Investigation of browser and web-based threats

  • Jonah Burgess

Student thesis: Doctoral ThesisDoctor of Philosophy

Abstract

This thesis explores the evolution of browser and web-based threats, focusing on the emerging CryptoJacking threat and the well-established Exploit Kit (EK) industry. Two ground-truth datasets are compiled for the experiments. The first is a set of 887 CryptoJacking samples comprising 11 miner families, extracted from the Alexa top 1m websites using a lightweight, static crawler and subject to manual analysis. The second is a set of 1279 EK samples compiled from network traffic samples obtained from reputable sources, representing various public and private networks, and encompassing the entire history of EK families.

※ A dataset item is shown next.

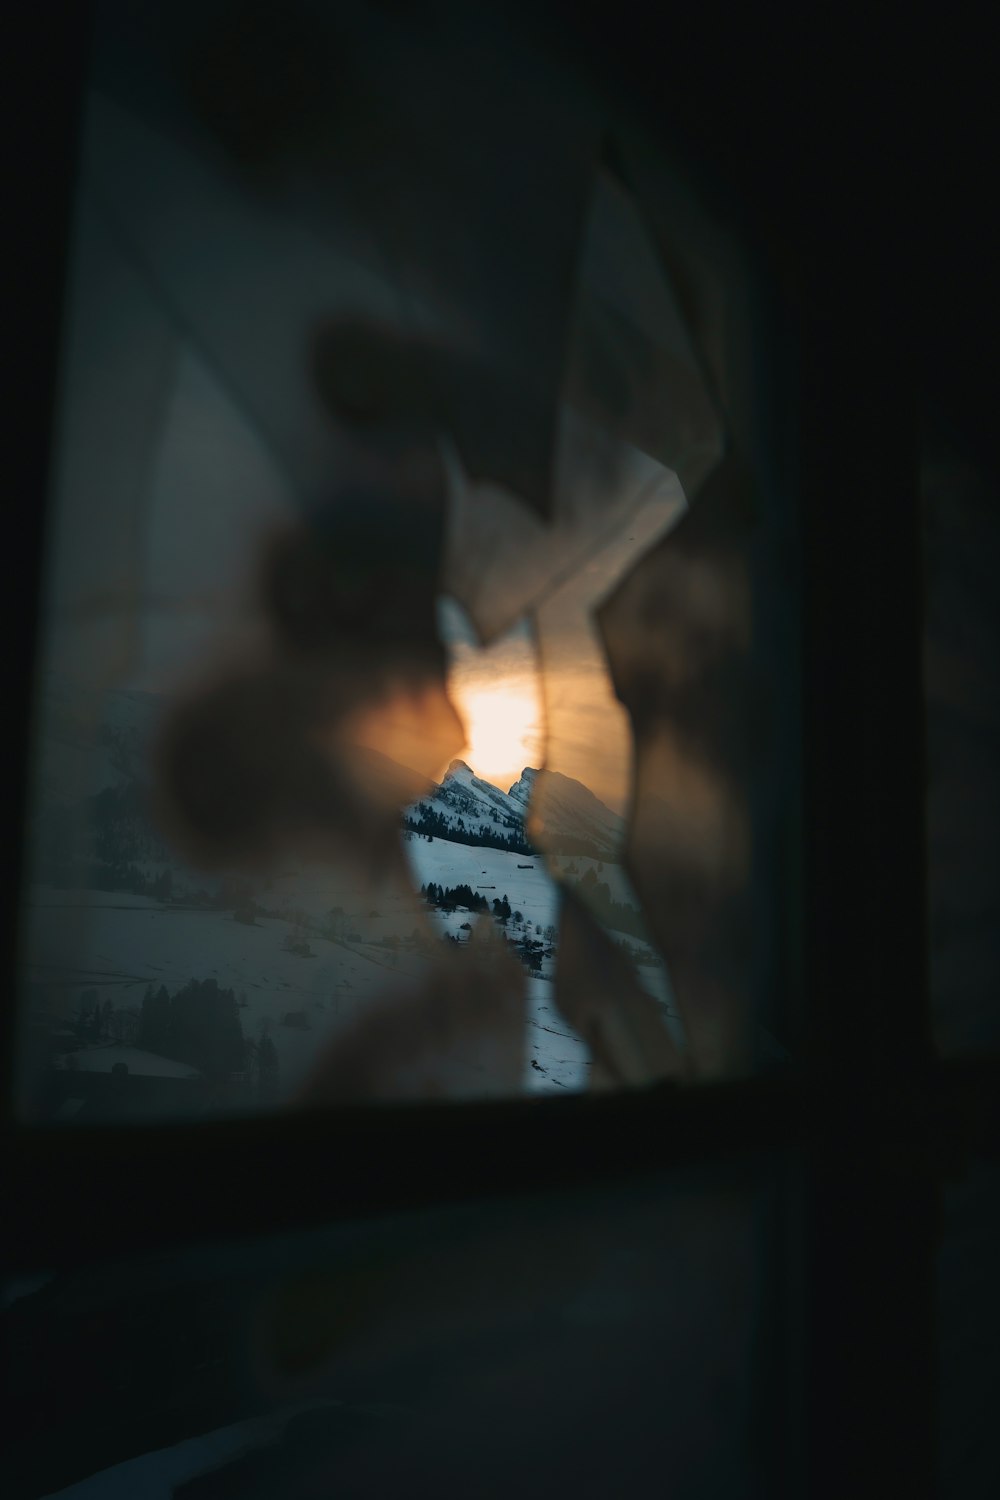 a blurry photo of a mountain seen through a window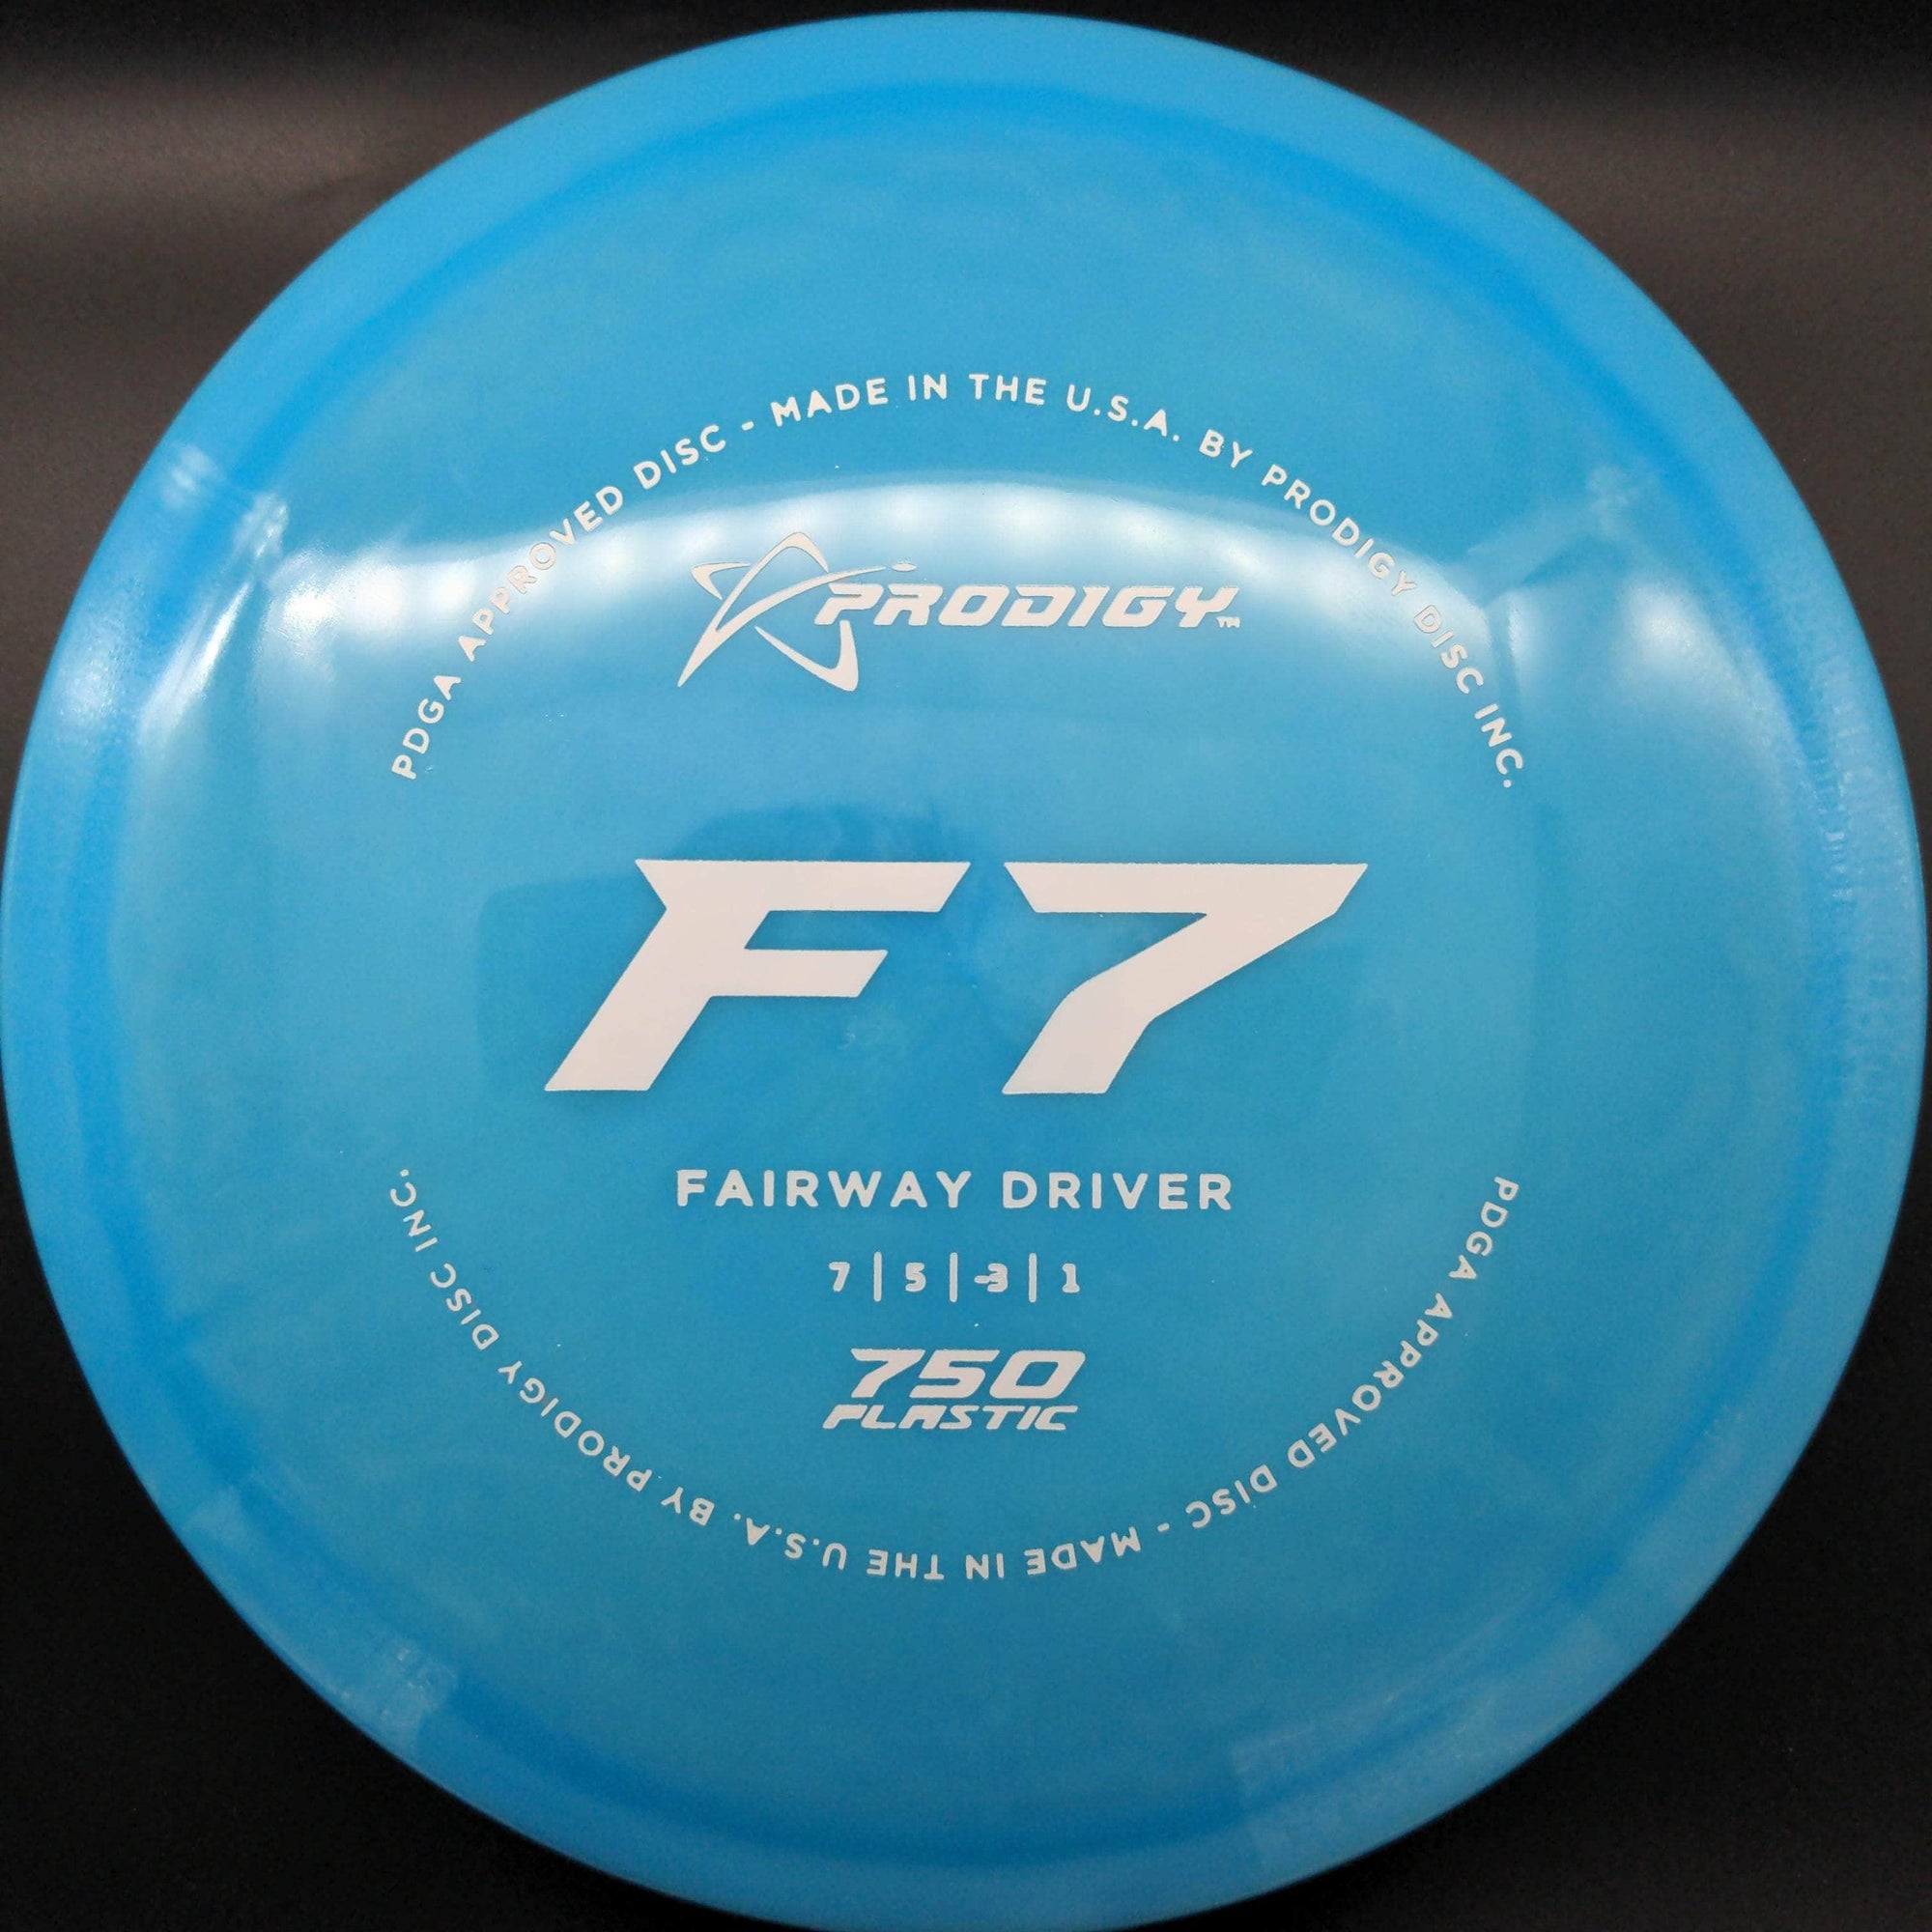 Prodigy Fairway Driver Blue White Stamp 172g F7 750 Plastic

Subsequently, knowledge gained from a large-scale analysis of EK samples is used to develop REdiREKT, a system that utilises the open-source Zeek Intrusion Detection System (IDS) to map HTTP redirection chains and extract distinguishing features for machine learning (ML). By processing a unique combination of 9 redirection techniques, REdiREKT correctly extracted 96.52% of malicious domains from 1279 EK samples, spanning 28 families and 8 campaigns, and only failed to extract 0.7% of malicious chains.

REdiREKT extracted 12,783 domains from 5910 redirection chains when applied to the benign dataset. A range of 48 HTTP, URL, redirect, and content-based features are subsequently extracted for each node (domain) in each redirection chain and stored appropriately to ensure the intrinsic, sequential structure is maintained. The malicious and benign features are assessed to identify common trends, as is the evolution of EK families.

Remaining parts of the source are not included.